But women feel things. “Follow Your Heart” is the feminine equivalent of “Complete Your Mission.” “Follow Your Heart” is the moral compass and default decision-maker in this meme. Without understanding how dangerous this vaguely-worded, purposefully-ambiguous statement can be to a developing young woman, we pump it into their brains at every commercial break: “Follow Your Heart”.
And that’s how the Rationalization Hamster is born.
“Follow Your Heart” is crappy advice, actually. For one thing, how do you know which of the conflicting chorus of inner voices do you designate “your heart” – and how do you differentiate it from “your stomach” or “your gonads”? For a girl who is just realizing the powerful range of her emotions, asking her to “follow her heart” and actually know what that means is just dumb. Little girls don’t have “hearts” to follow. They have a very limited emotional range which they have just started getting a handle on when they start hearing this crap. But by using “Follow Your Heart” as a touchstone for all of their other experiences, they empower their own justifications for pretty much any old crazy thing they feel like doing.
Add to that the sense of entitlement implicit with the other popular little girl meme, “You Can Do Anything! (And We Expect You To Do Everything!)”, and you have a recipe for a lifetime of unrealistic ideals, frustrated goals and impossible dreams. “You Can Do Anything!” and “Follow Your Heart!” conspire in the minds of our little girls to give them the moral leeway to indulge in any kind of bad behavior they wish and feel all the justification they need.
Leave your husband for a big-dicked pool boy? “I was following my heart!”
Leave your husband for an affluent corporate alpha shark? “I was following my heart!”

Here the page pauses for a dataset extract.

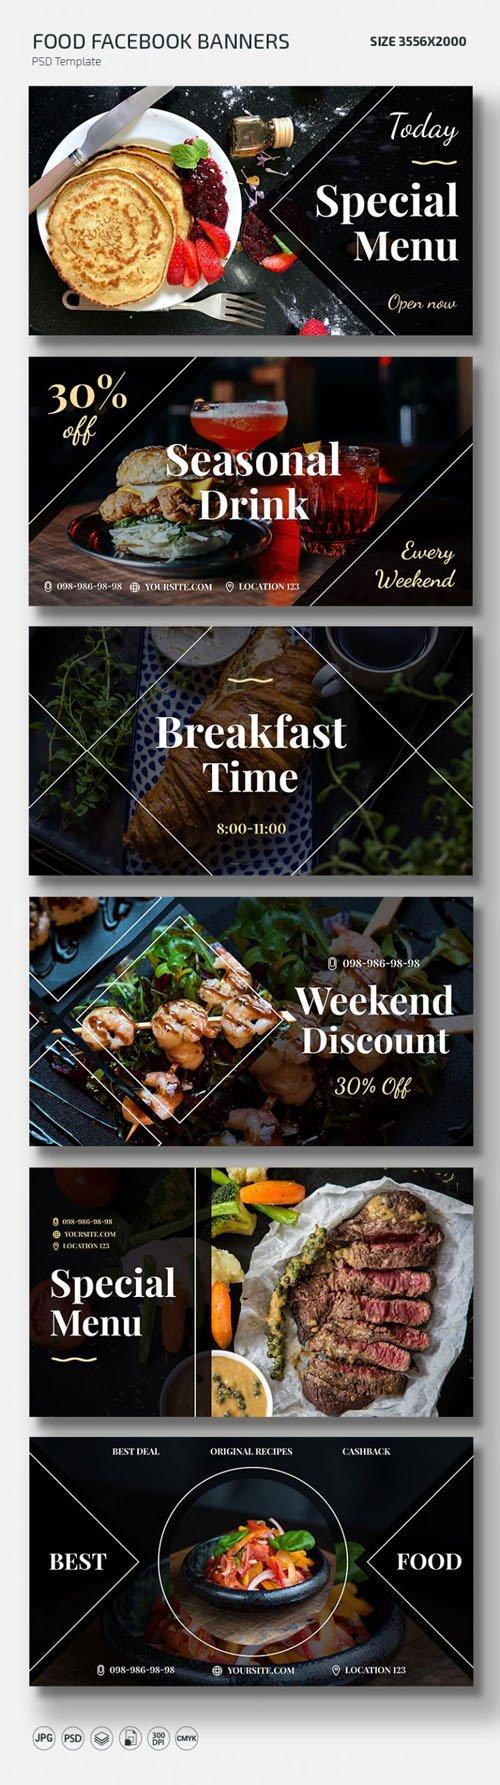 6 Food Facebook Banners PSD Templates

Leave your husband for . . . well, pretty much any reason save the truly compelling ones of abuse and neglect . . . “I was following my heart!”
EPL is all about this, the Rationalization Hamster writ large. Wife isn’t happy. She doesn’t know why, but she isn’t happy, and her marriage is about the biggest thing in her life, so if she’s not happy (and does it really even matter why she’s not happy?) then it is obviously her husband’s fault, because her heart never lies.
“Follow Your Heart” is a thinly-veiled excuse for selfish action without personal consequence. It provides the ethical underpinnings for any Hamster-inspired caper, from why she keeps going back to the same gym class with that particular instructor, to why she feels justified in asking for a six-figure settlement in the divorce. “Follow Your Heart” gives her tacit permission to use her own judgment to decide what’s best for everyone, regardless of the objective facts of the situation. It’s inherently solipsistic, and encourages a self-centered approach to life that leads to a deep sense of female entitlement.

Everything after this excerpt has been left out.